Весь занесенный снегом и обледенелый, в комнату вошел вдруг Алексей Львов в коротком рваном полушубочке и в тяжёлой от снега папахе.
— Ба, Львов! — воскликнул изумленно казак. — С того света?
— Без малого… — отозвался зяблым голосом Алексей. — Брррр… Из Екатеринодара… Насилу пробился и совсем случайно на вас тут набрел… — говорил он, отряхиваясь. — Ну и погода!.. Такая и у нас на севере в диковинку… Доложите, сотник, о прибытии…
Чрез минуту Алексей стоял уже перед начальством.
— Ну молодец! — говорили генералы. — Рюмку водки, согреться? Только одно сперва: хорошие вести?
— Не совсем, ваше превосходительство…
— И не совсем, так все равно, согреться надо… — сказал Алексеев. — Вот выпейте… Как вы пробрались?
И пока Алексей делал подробный доклад о своей разведке в Екатеринодаре, о безумных расстрелах и бесчинствах, творимых большевиками, о все <растущем> недовольстве населения, а в особенности казаков, об энергичной деятельности лихих партизан Покровского и Шкуро, о скоплении в горах значительных групп повстанцев против большевиков, косоглазый донец ходил по комнате и все сердился:
— Черт бы его драл, этого окаянного корнета… Забыл… Вот окаянная душа!..
Деникин, приотворив дверь, позвал его:
— Идите, сотник, закусите…
— Если разрешите, я прошел бы рядом к офицерам, ваше превосходительство… — сказал тот благодарно. — Там все собрались…

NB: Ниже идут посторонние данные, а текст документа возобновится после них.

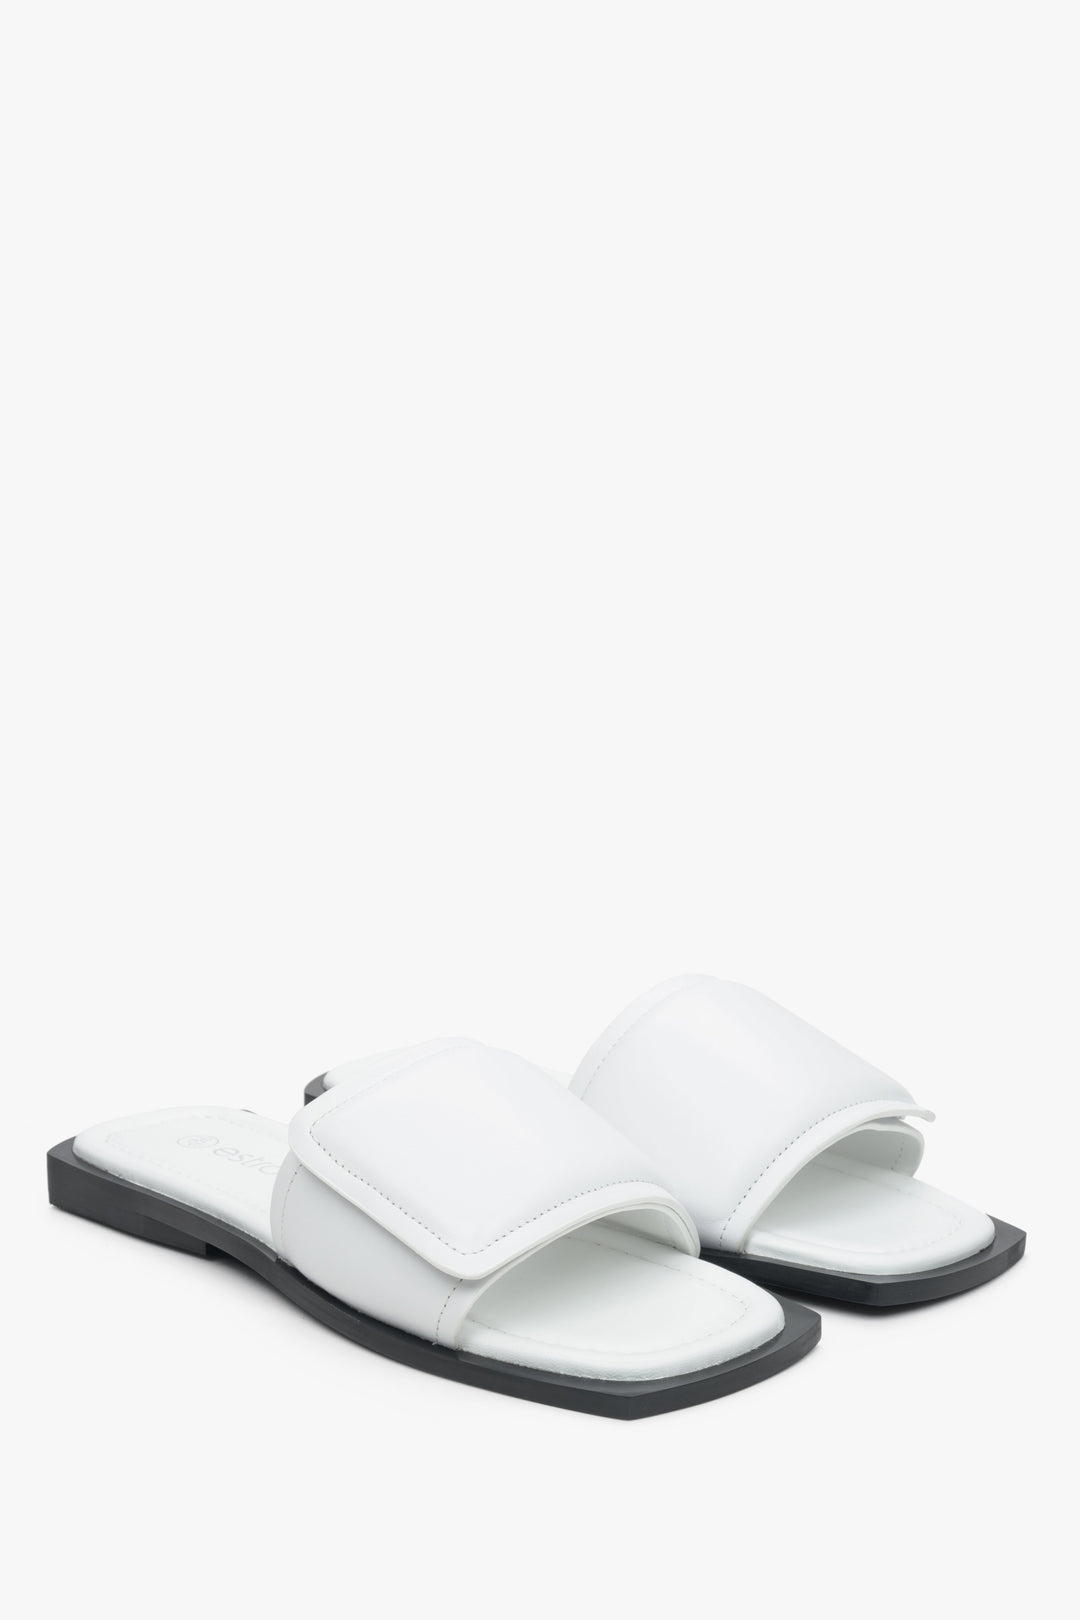 White leather flat slide sandals Estro - shoe profile.

— Как хотите… — отвечал генерал.
— Я сию минуту… — сказал донец. — Только стакан чаю выпью…
— Ну, ну, ну… — засмеялся Деникин. — Только крепкого на ночь не пейте, а то спать не будете…

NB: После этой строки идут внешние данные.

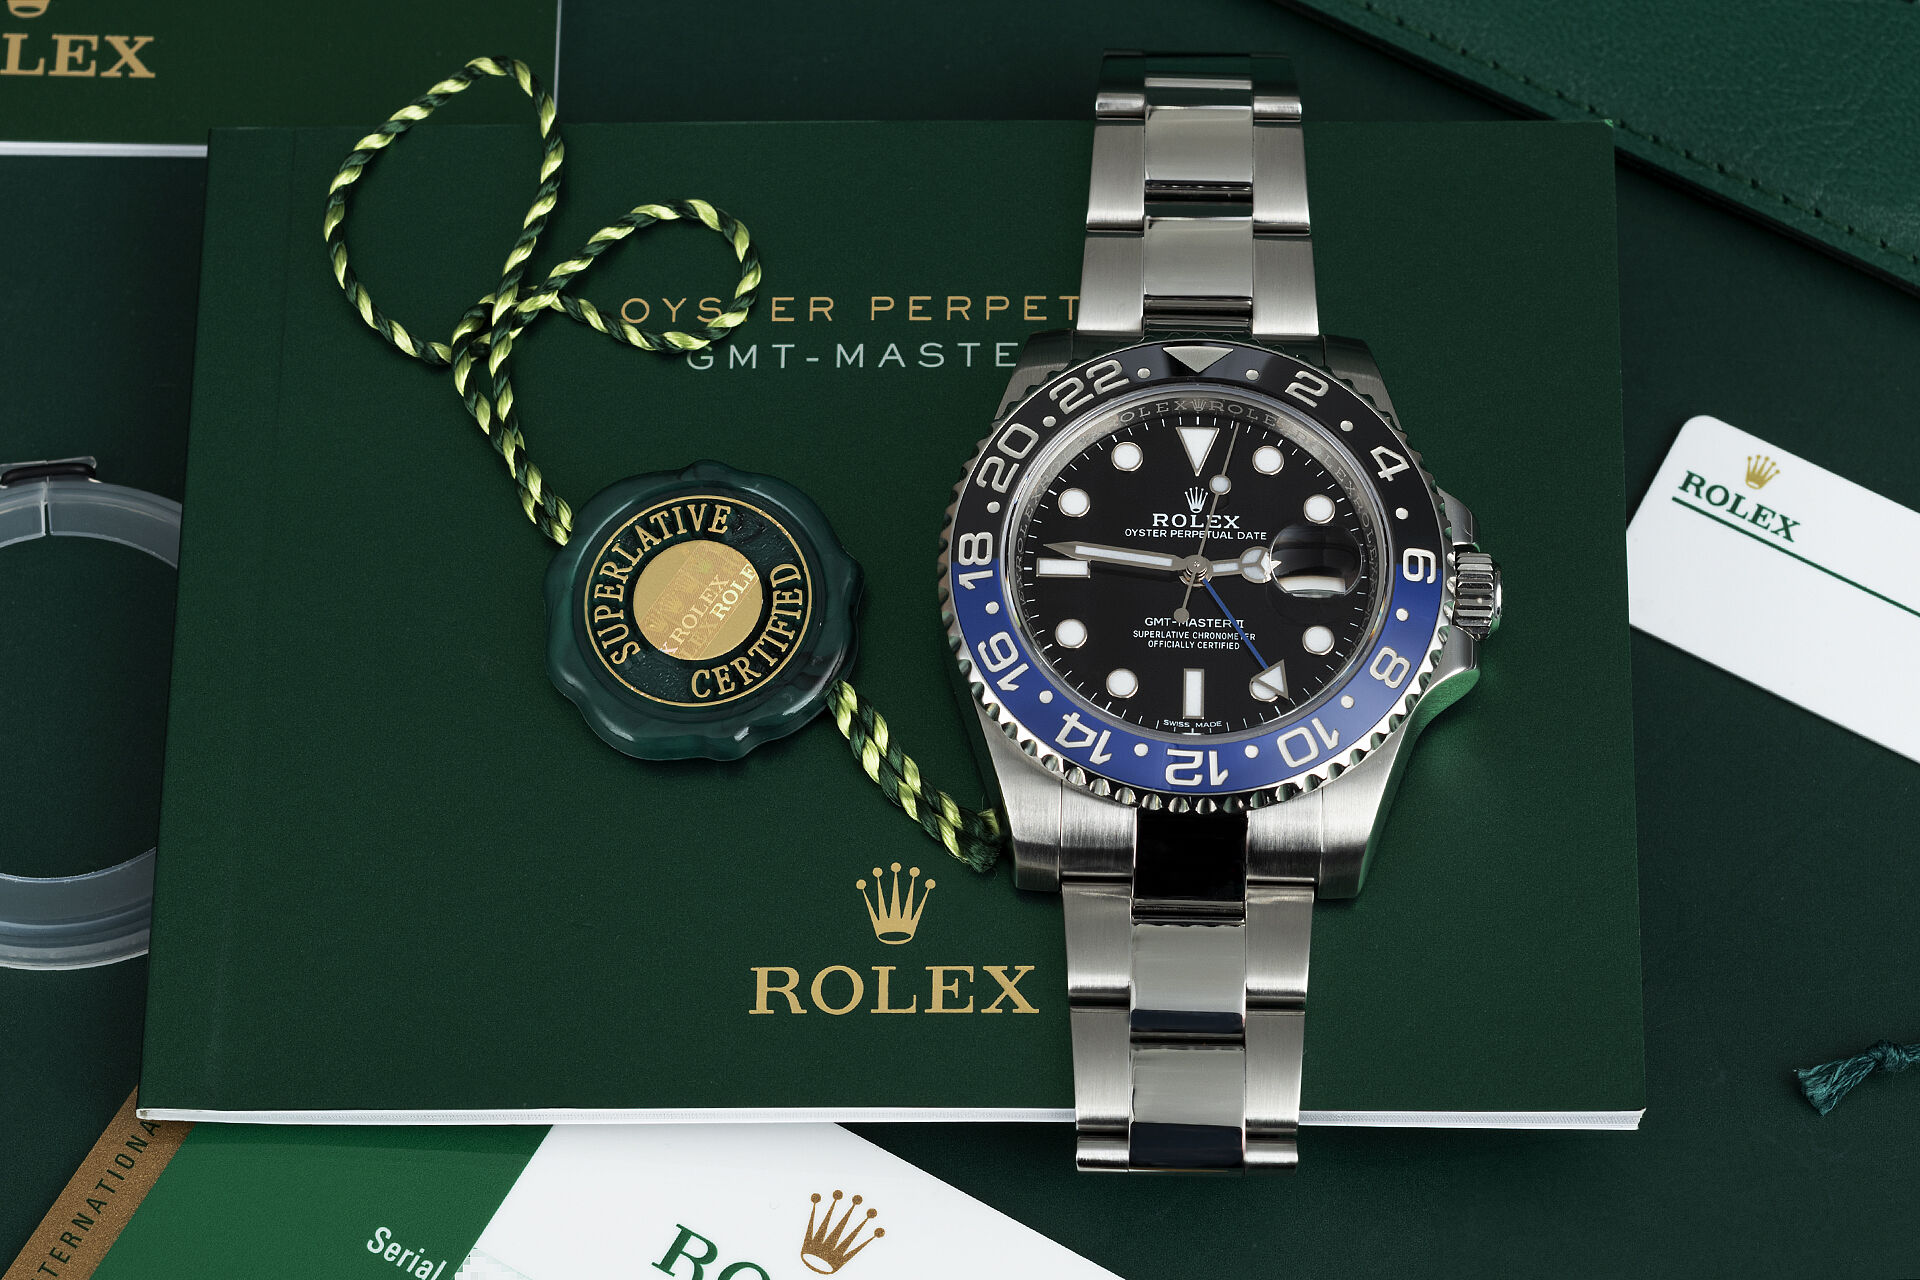 ref 116710BLNR | 1st Gen - Box & Certificate | Rolex GMT-Master II

Сотник лукаво улыбнулся в усы и торопливо вышел. В генеральской комнате слышались оживленные голоса, а из-за стены откуда-то вдруг раздались дружные и бодрые звуки корниловского гимна:
Смело мы в бой пойдемЗа Русь святую…
— Ну вот где-нибудь здесь в уголке и пристраивайтесь… — сказал Корнилов, выходя с Алексеем. — Главное, тепло…
— Покорно благодарю, ваше превосходительство… Здесь великолепно…
— Ну и устраивайтесь… — сказал Корнилов. — Я чрезвычайно благодарен вам. Сведения, доставленные вами, чрезвычайно важны… Завтра утром у нас будет совещание, и я прошу вас принять в нем участие.
— Слушаю, ваше превосходительство…
— Ну, отдыхайте…
Корнилов ушел. Алексей стал прилаживать себе за печкой постель на партах, но дверь отворилась, и в комнату вошла Галочка. На ней был удивительно шедший к ней, подчеркивающий ее чистоту и миловидность костюм сестры, а поверх длинный и мохнатый казачий тулуп внакидку.
— Здесь остановился капитан… — начала она и вдруг радостно вспыхнула: — Да это вы, Алексей?!
— Господи… Галочка… — пораженный, едва выговорил тот. — Я просто своим глазам не верю… Давно вы у нас? Вот чудо!.. — говорил он, целуя ее руки.
— Да дней пять уже… — отвечала она радостно. — Как вас послали в Екатеринодар, так на другой день я и приехала…
— Но как же пробрались вы в этом аду? — спрашивал он, не выпуская ее рук. — Это прямо изумительно…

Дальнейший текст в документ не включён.